Assigned task:
Copy word for word the lines in the records below, starting at the line with "Stainless Steel Turner Plain Sigma King" and ending at the line with "Roxy Junior Textile". Skip the pictures.

Data to use:
##############################

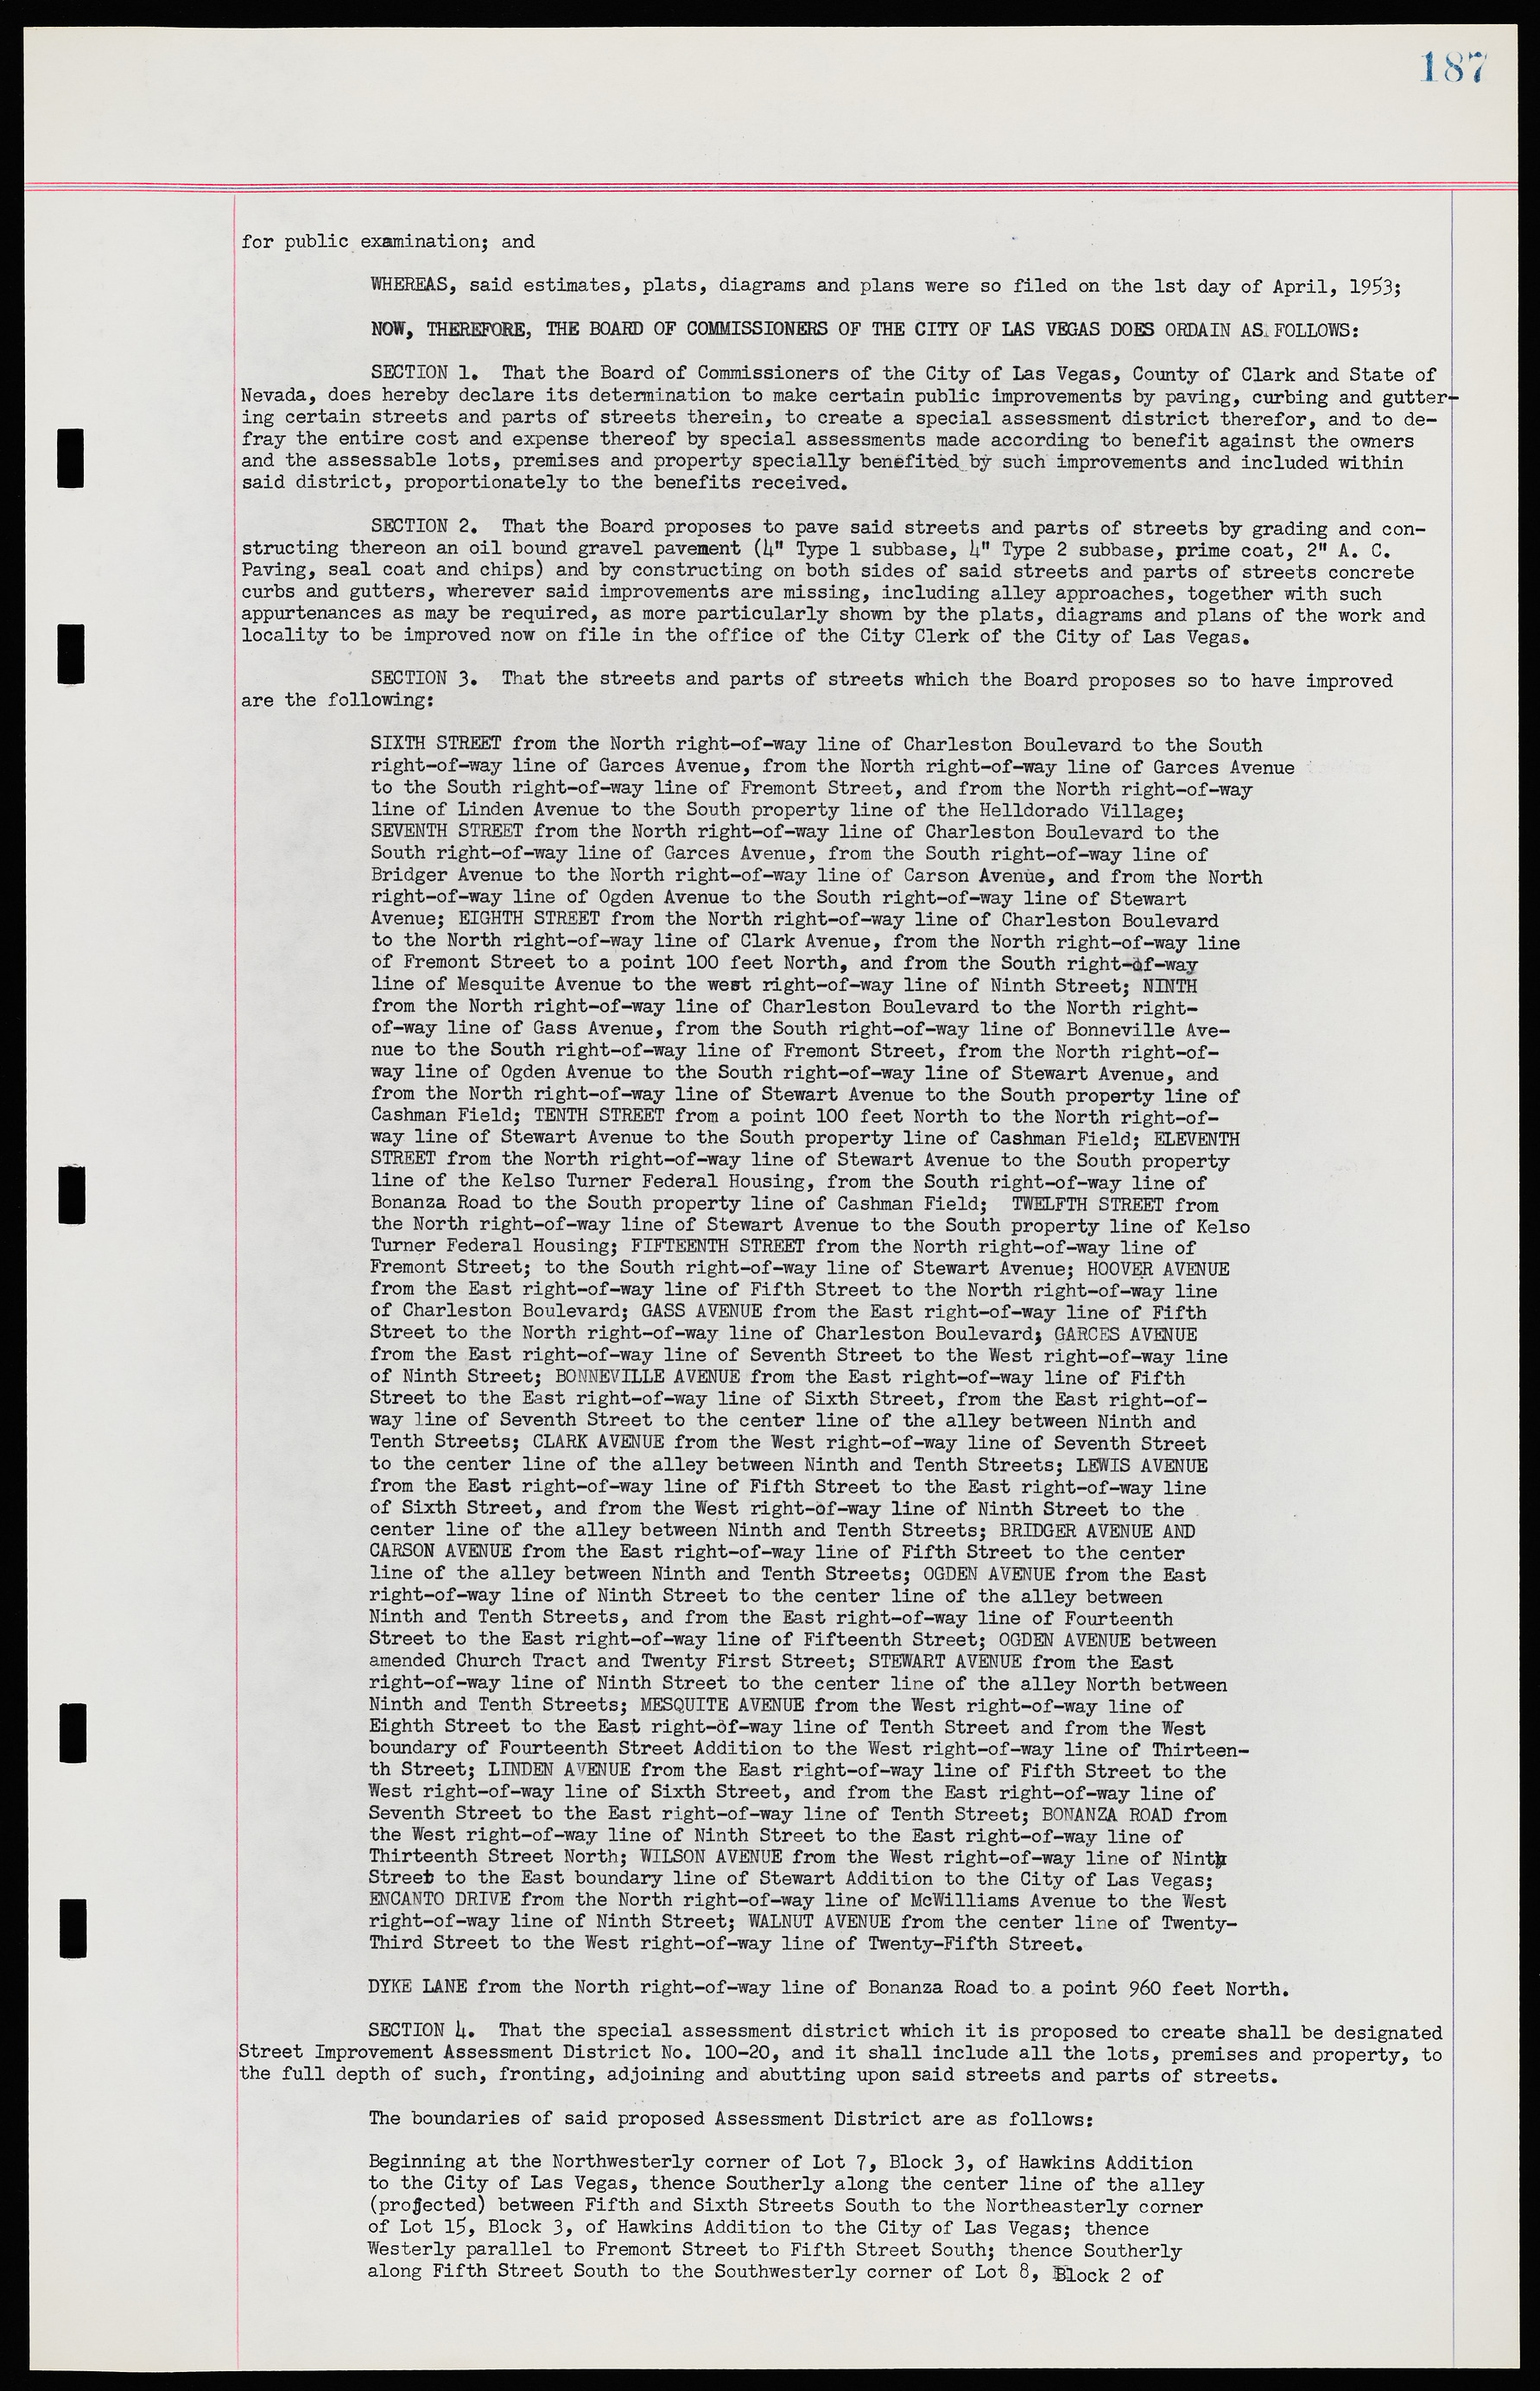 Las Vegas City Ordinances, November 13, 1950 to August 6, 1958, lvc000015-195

##############################

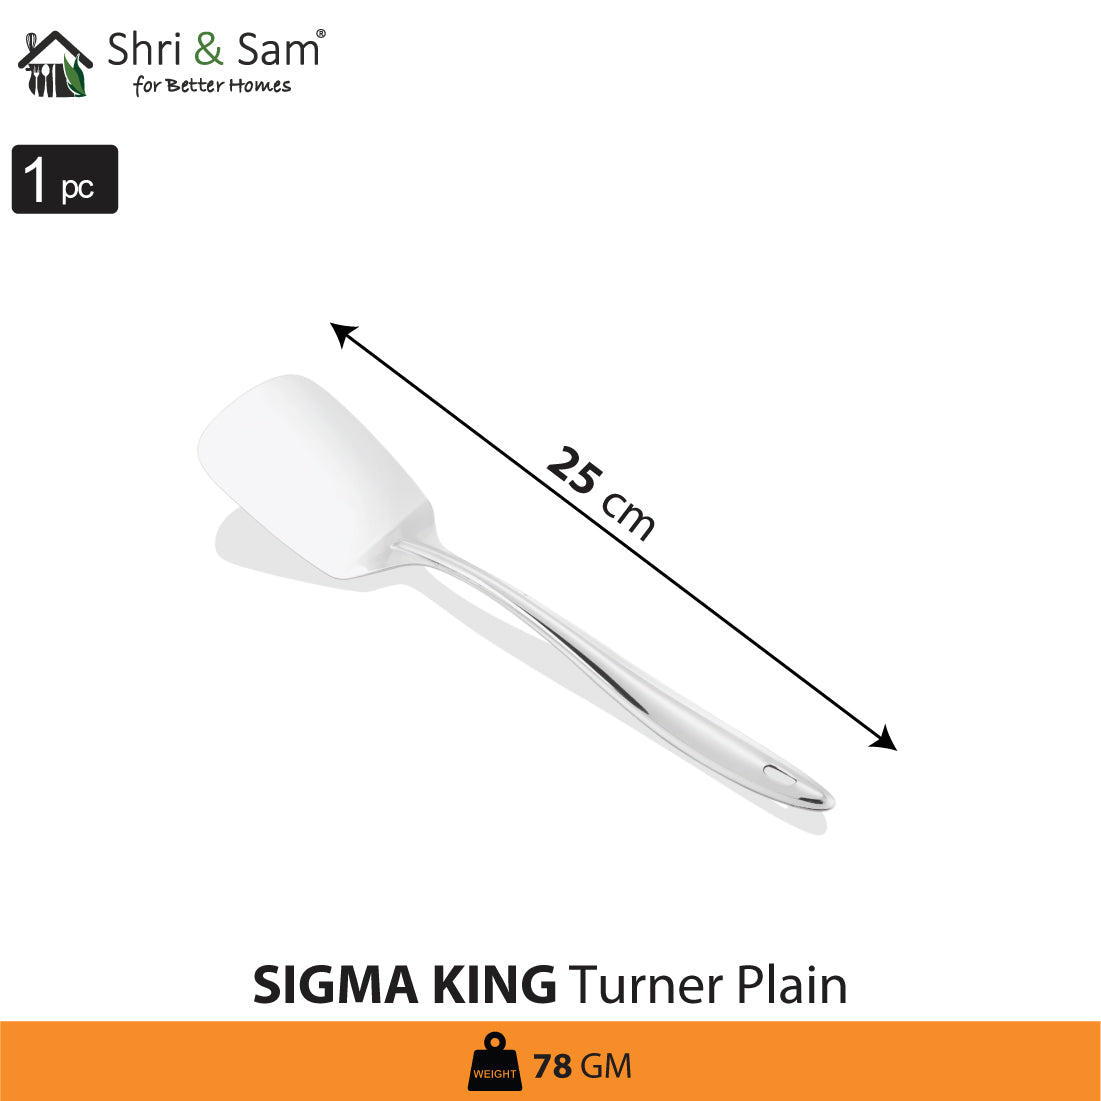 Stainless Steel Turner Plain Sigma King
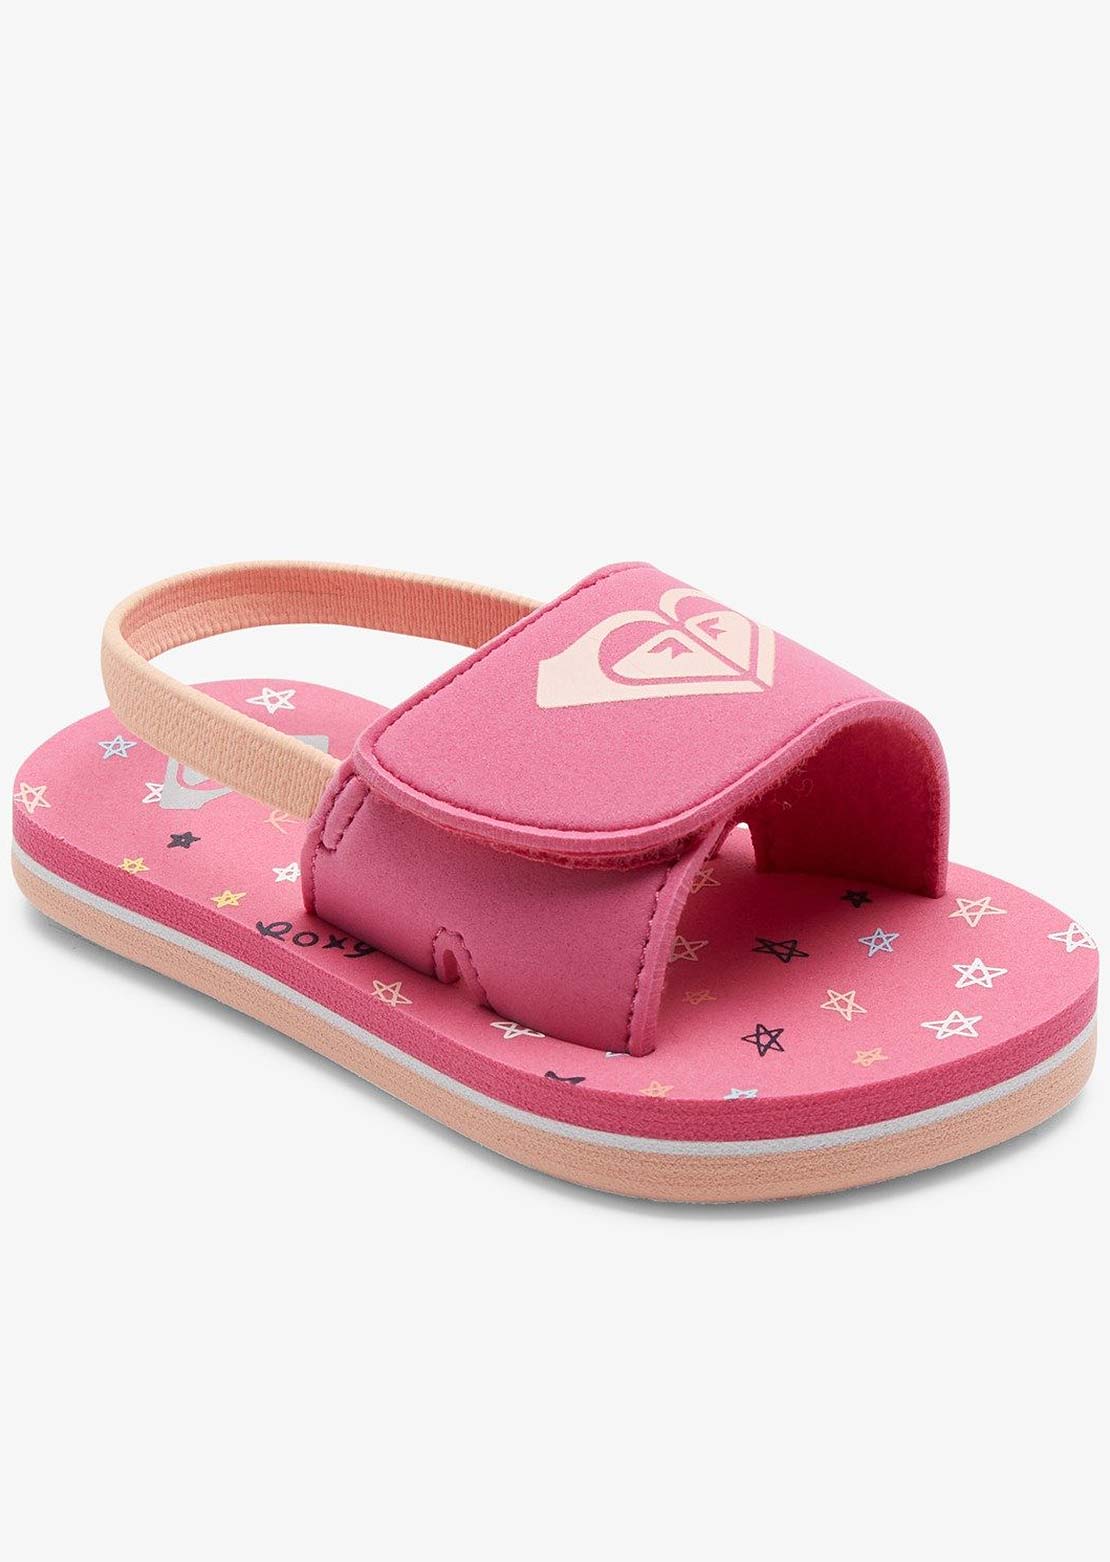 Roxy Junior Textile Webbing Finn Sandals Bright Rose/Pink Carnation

##############################

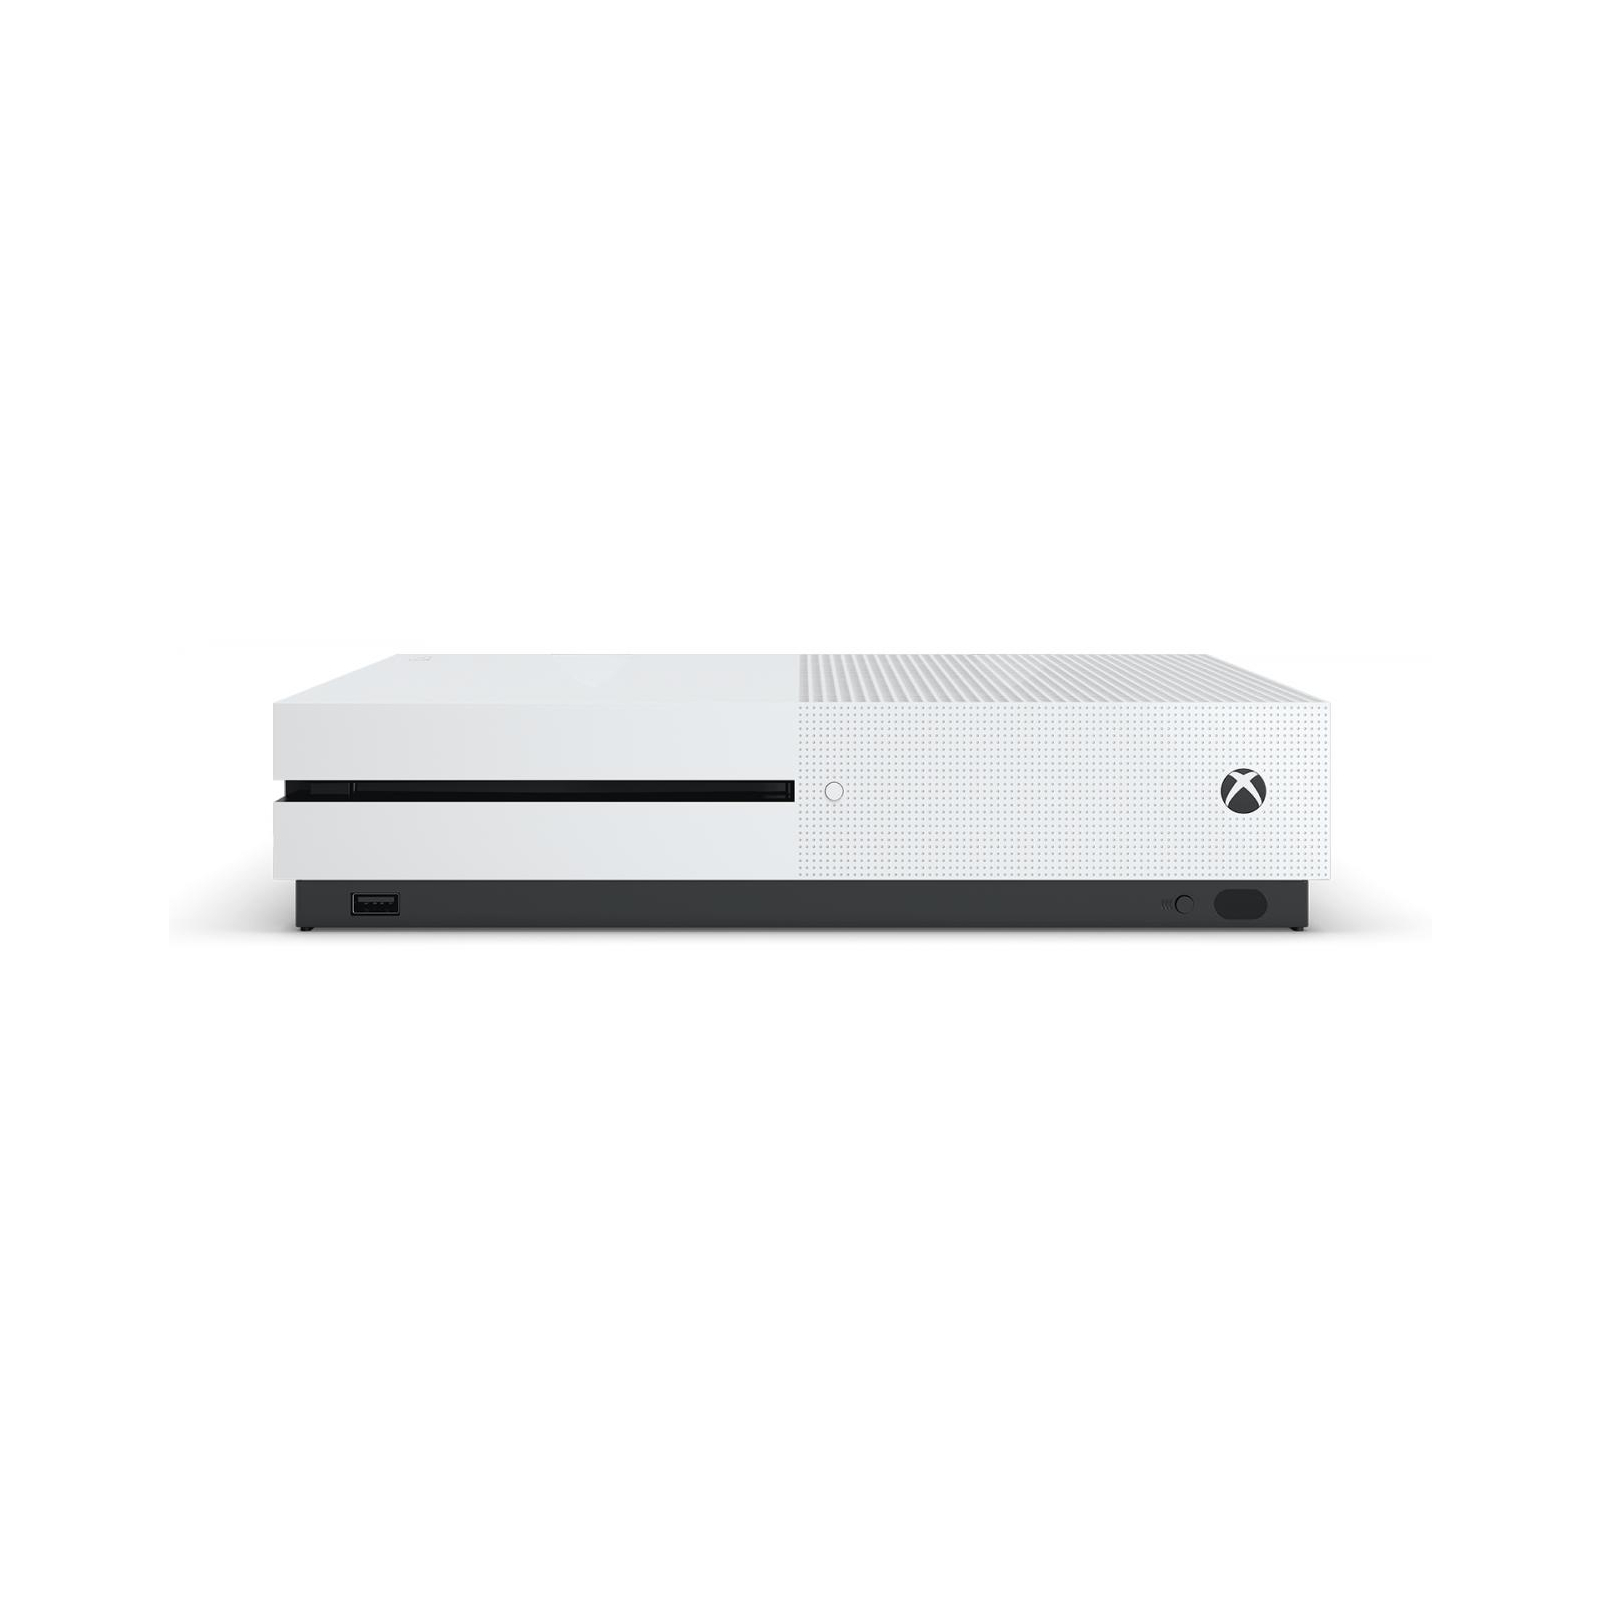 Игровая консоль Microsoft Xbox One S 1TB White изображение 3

##############################

Your response:
 Stainless Steel Turner Plain Sigma King
 Roxy Junior Textile Webbing Finn Sandals Bright Rose/Pink Carnation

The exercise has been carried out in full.